Sophie has her first school disco tomorrow, a Hallowe'en affair. She has a witch's outfit that I was cajoled into buying in Tesco's at the weekend. Ah the joys of life as a four year old.
Heard today that one of my layouts has been printed on the letters page of the Scrapbook Magazine! I sent it in ages ago and haven't had any confirmation from the magazine, but its there and I can't wait to see it! Will have to go to Borders tomorrow and get a copy.
My layout of Sophie on her first day at school won the monthly LO competition over on Cara. I am well chuffed :D Busy today. Went to hand in forms at the jobcentre to see if I am entitled to bereavement benefits. Then it was off to the University to sort out Nigel's pension. Then lunch with Tilly and Sue (and a little shopping...). After that I did more laundry before collecting the girls fromDebbie and Gaynor. This evening my friend was supposed to come round but unfortunately her youngest has got the suits. Seemingly never ending too. Poor little man! And poor mummy too, up to her eyeballs in pooey nappies!! Tomorrow Sophie has an appointment with the opthalmologist, her eye is turning in again. Think she may need glasses. Had a look in Specsavers last week and the kids' glasses are fan-blinkin-tastic compared to when I was little! Will have to wai and see if she needs glasses. That's it for now.
Back safe and sound from our Center Parcs weekender with Big Alex, Josh (aka George) and Harry. What a great time we had! Some moments were frought, but isn't that always the case when on the go with 4 kids under 6? We swam, we walked, we climber, we played golf (erm well there were golf clubs and balls involved) and we chilled out. Ate some good food, drank some vino, archers, lager.... put the world to rights. The kids generally got on well, the odd squabble, but not so bad. And getting Alex and Harry off the water slides proved to be a job and a half! We had a fantastic weekend. Brought back some good memories for me as last time we went to Sherwood CP was in June 2004, Alex was 11 weeks, Sophie was 2.5 and we had a nice midweek break while I was on maternity leave. Mum and dad came too. There was the small incident with Dad and the bike but let's not go there..... I prefer to remember good times lately. Too easy to remember the not so good things, so let's focus on happy days.
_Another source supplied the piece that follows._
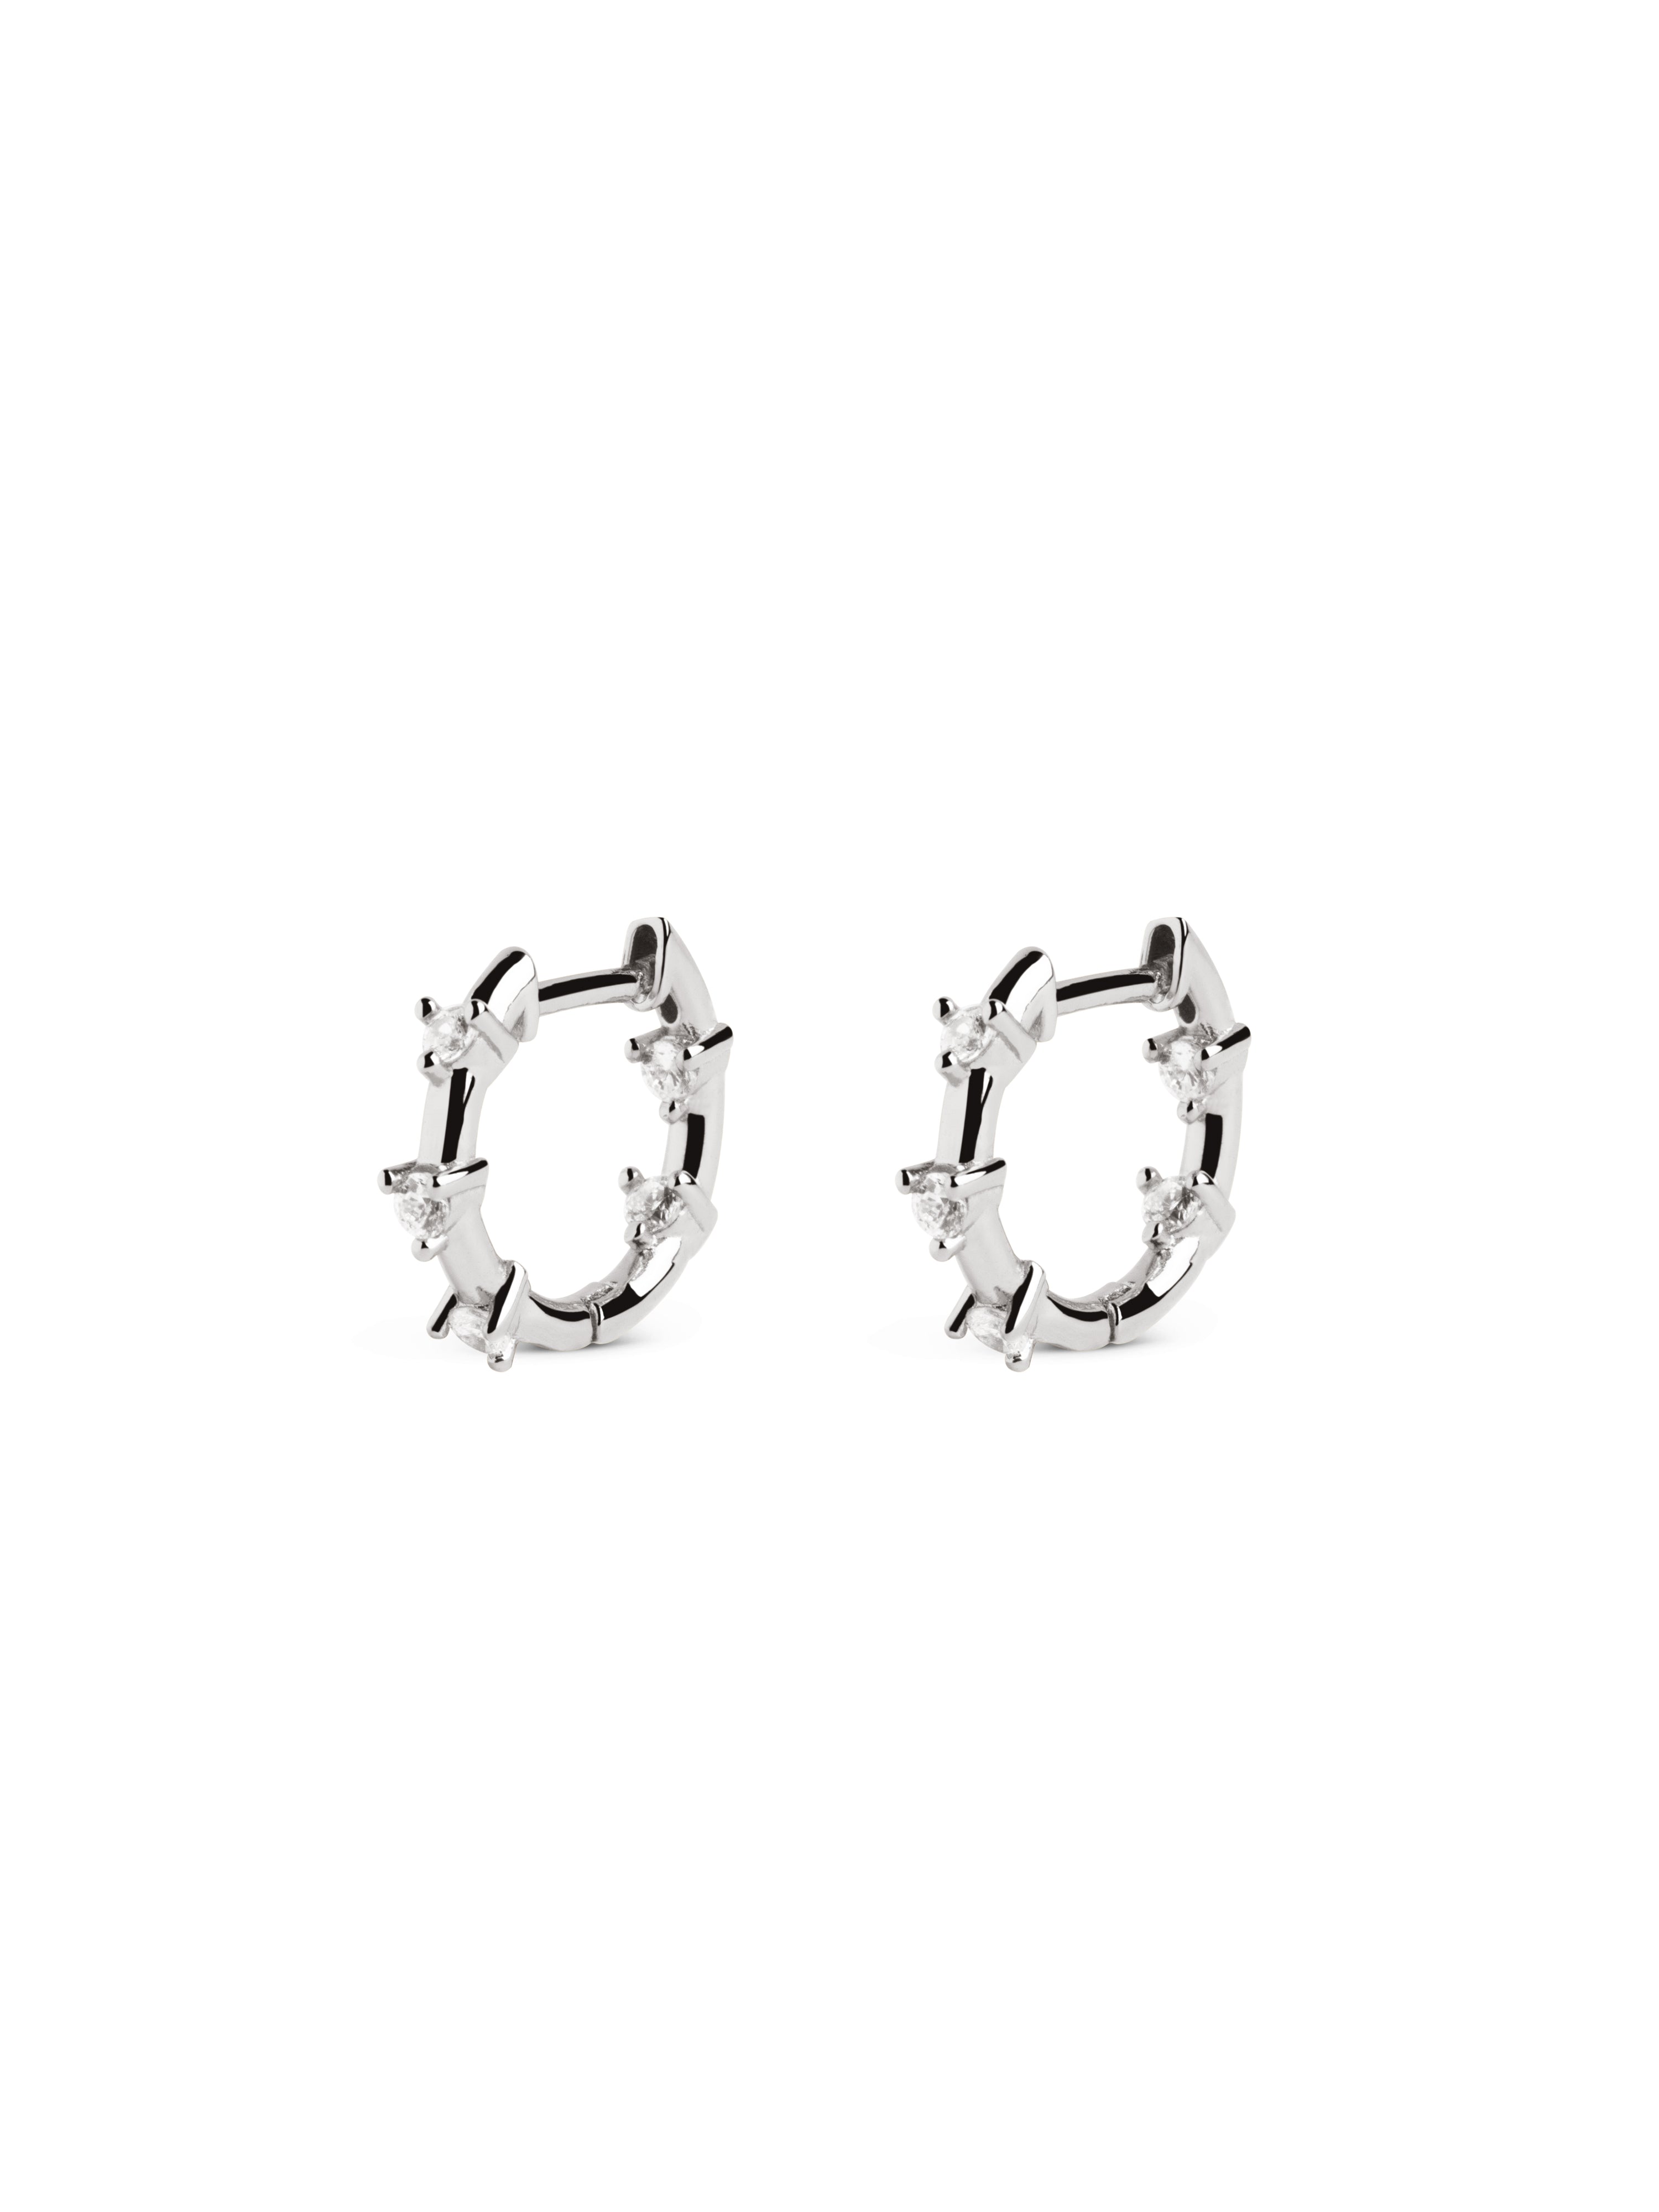 5 Sparks Silver Hoop Earrings

And this weekend was full of happy days so its a memory I'll hold tight.
Not long now til I go back to work. I am going in for one morning before half term, I want to feel as if I have made an effort before the holiday. I think some people think I am mad to go back so soon, but the longer I leave it, the harder it will be to go back. I love teaching (shame about the paperwork!!) and I am looking forward to getting to know my class better. The mix of 22 boys and 8 girls is going to be interesting, but it is a challenge I aim to rise to. Sophie and Alex are happy where they are for childcare. Sophie adores school, and hopefully Alex can start nursery after Easter. She gets a bit frustrated sometimes I think when she is stuck doing baby things. I know I will have to run a tight ship on the days I am working, but all will be ok. It has to. There is no other way. Its just me and the girls for the long haul.
Who am I? Interesting question! I can be found under many guises, all depends on the day and the task in hand! Most of all I love being mum to my gorgeous girls, even though the task of lone parenting is bigger than I ever imagined I would face.